In Britain, St. Luke's first ran a complacency-challenging Ikea campaign with a tagline imploring Britons to "chuck out the chintz" and rid their homes of fussy, old-fashioned furniture. The next round of ads told the English to "stop being so English" and suggested they loosen up in their lives and homes by buying Ikea furniture. "We couldn't change the furniture, so we had to change British taste," says Mr Young.

It was a bold pitch, and a radical departure from previous ads - used since Ikea opened in Britain in 1987 - that stressed value and Ikea's sturdy Swedish design. At the time, the British regarded Ikea's minimalism as cold, unwelcoming and just too bleakly Scandinavian. But they were eventually won over, and Ikea's UK business boomed. The company plans to open 20 new stores here over the next decade, up from the current 10.

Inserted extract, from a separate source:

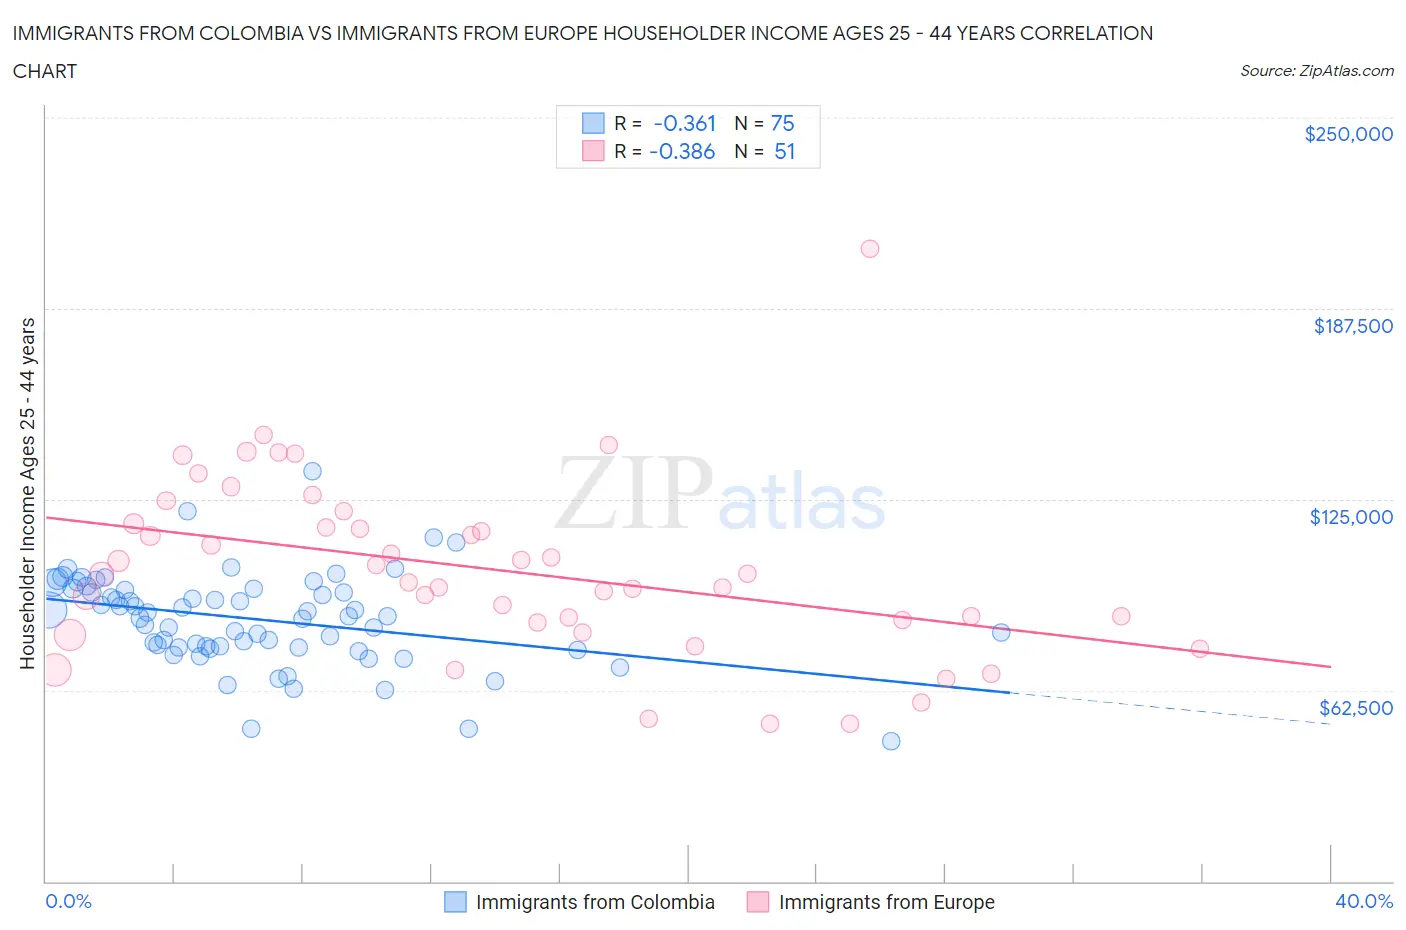 Immigrants from Colombia vs Immigrants from Europe Householder Income Ages 25 - 44 years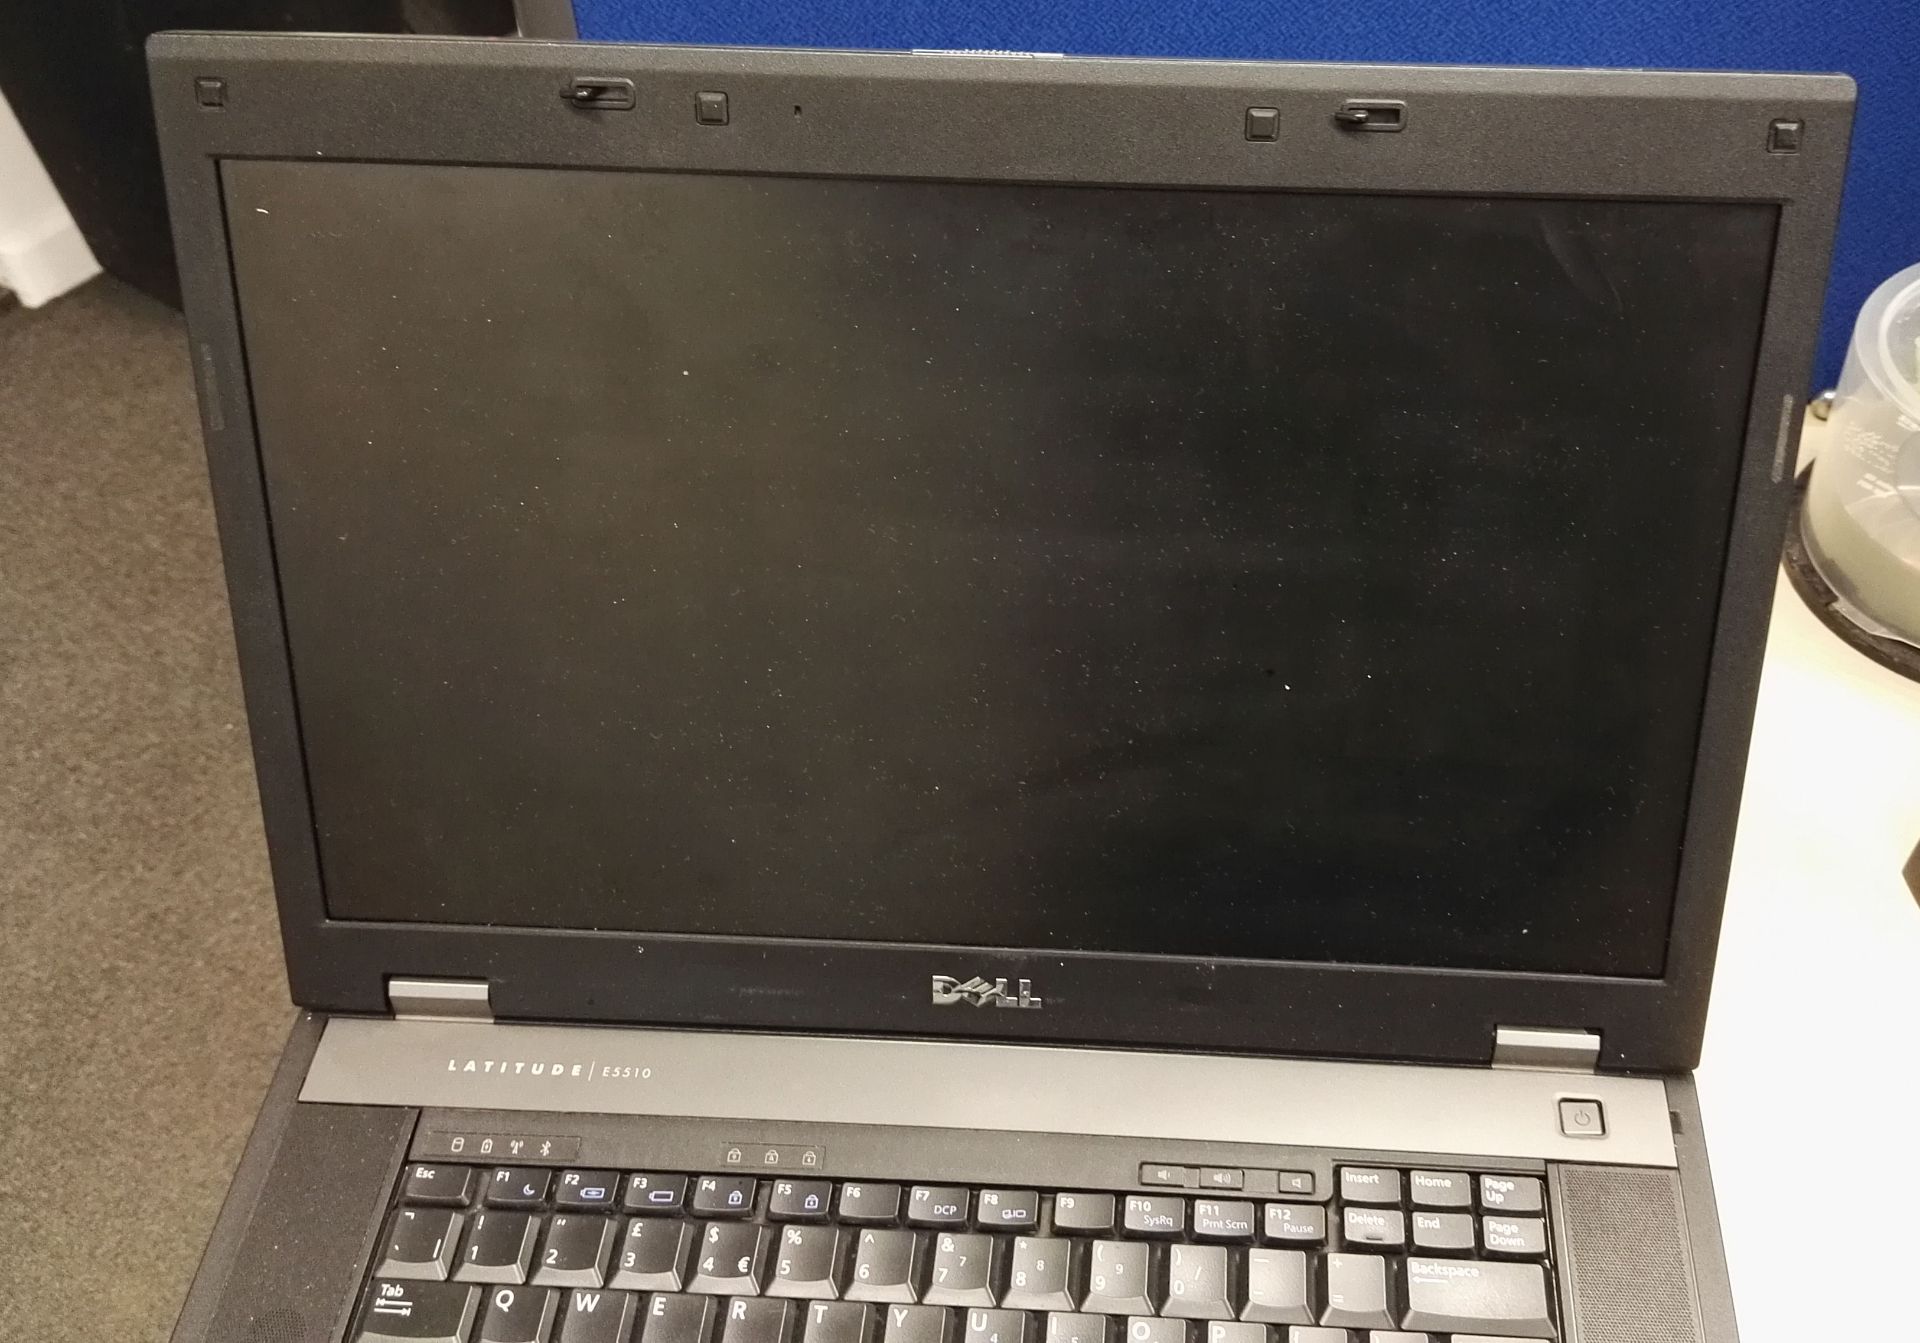 1 x Dell E5510 Latitude Laptop Computer - Features 6gb RAM, 320gb Hard Drive, Intel i5 2.4GHz - Image 8 of 16

But not everyone is won over. Some argue that Britons who shop at Ikea now spend their weekends standing in line at crowded stores, lugging heavy boxes - and, perhaps, contemplating divorce after arguing over how to assemble supposedly easy-to-assemble pieces.

To address these complaints, the latest ads from St. Luke's explain that what seems worst about Ikea is actually the best part. Carting around boxes yourself, for example, means reasonable prices. That is where the armpit comes in - along with a burly Ikea character called Tattoo Man, who has lots of tattoos and guides viewers through the ads. "He's kind of a mystic thug," Mr Young says.

In one spot, Tattoo Man addresses Ikea employees who are bewildered because customers are complaining about assembling their own furniture. The staff asks why the company doesn't end the hassle and just sell ready-made furniture. Tattoo Man instructs the employees to smell his armpits and one another's. What do they smell? "Honesty, integrity," says Tattoo Man. "When we sweat here, it's in honest exchange for labour. When a customer sweats at home, it's in exchange for savings."

Tattoo Man bares all in another episode. After co-workers complain that the store is too crowded, Tattoo Man uses his tattoos to tell a story. A lone-wolf tattoo symbolises customers able to get around on their own with confidence. He drops his trousers to reveal a bat tattoo on his thigh, representing the idea that customers can find their way around in the dark if there's proper store signage. On his back is a tattoo of a scale, a symbol of the "balance of quality and price" found at Ikea.

It is all somewhat unconventional, but the ad executives at St. Luke's say that is the way to convince customers that the Ikea concept and philosophy work - despite some apparent drawbacks. All the ads end with a moment of enlightenment: Tattoo Man takes the staff to a window to gaze at shoppers and wholesome families loading their furniture, while New Age music plays. "This is the way of Ikea," says the tagline, "the way it has always been."